Randy, the ex-tweaker now in recovery and working as a process server, hasn’t had sex since he got clean two and a half years ago. He’s had opportunities, he says, although he hasn’t really been dating. Instead, he’s focused on playing it straight as a process server, going to his 12-step meetings and getting closer to God.
“It hasn’t been as difficult as you might think,” he says. “I’m really working hard on my program. I’m trying to learn how to be friends with women.
“And besides, I’ve still got my hand!”
Sex has a way of kick-starting a meth relapse, according to Carol Ross, a licensed counselor who works with alcohol and drug addicts and specializes in sex addiction and trauma at Sierra Tucson, a high-end treatment center in the Sonoran Desert just north of Tucson.

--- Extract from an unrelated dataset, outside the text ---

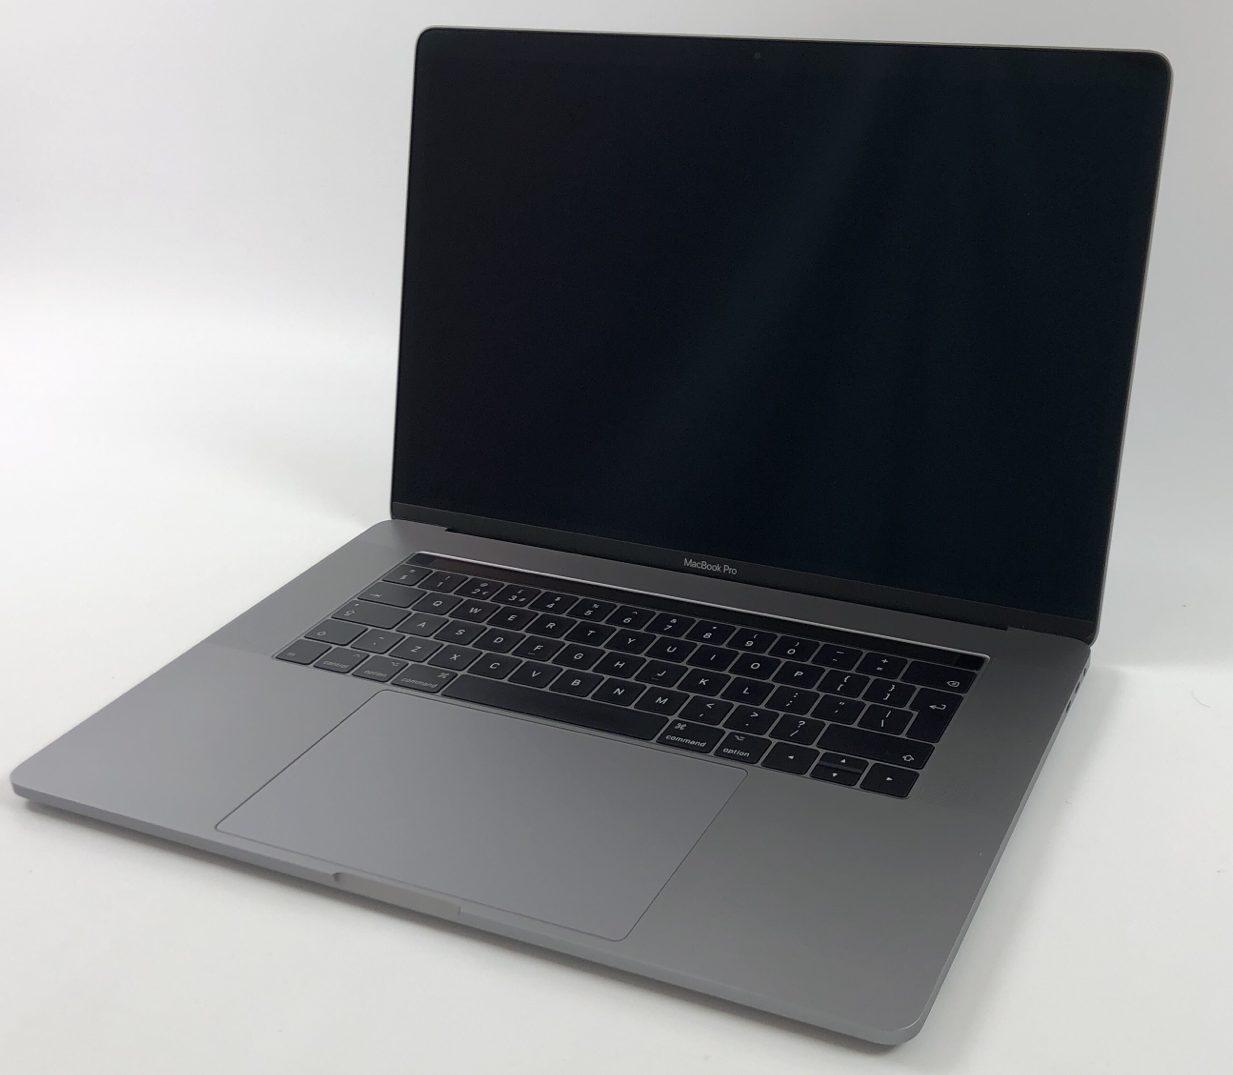 "MacBook Pro 15"" Touch Bar Late 2016 (Intel Quad-Core i7 2.6 GHz 16 GB RAM 256 GB SSD), Space Gray, Intel Quad-Core i7 2.6 GHz, 16 GB RAM, 256 GB SSD, image 1"

“All those addictions need to be treated,” says Ross, who’s been at Sierra Tucson for 17 years, “because what tends to happen is that the patient will relapse because of other issues. They tend not to be able to disassociate the sex from methamphetamine use.”
Ralph Earle, a sex-addiction expert who runs Psychological Counseling Services in Scottsdale, agrees.
“Patients will say that the only time they act out on their sex addiction is when it’s in combination with crystal meth. The two of them go together. When they’re sober, they’re much more careful than when they use meth and cross that line into inappropriate sexual behavior.
“The meth user who is also a sex addict is either incredibly, highly motivated to make a change or there’s nothing we can do in therapy,” Earle says. “There has to be a reason the patient has enough motivation to come to us. They have to hit the bottom.”
Randy did just that on that summer night long ago.
Now, Randy wants what Theresa has. She’s in a committed, monogamous relationship, and is learning what is and isn’t “appropriate sexual behavior” on a daily basis.
“What I want sex to be is a communion,” Randy says. “I worry that I’ll never feel an emotional attachment again.
“I worry that sex will be just,” he pauses, “nothing.”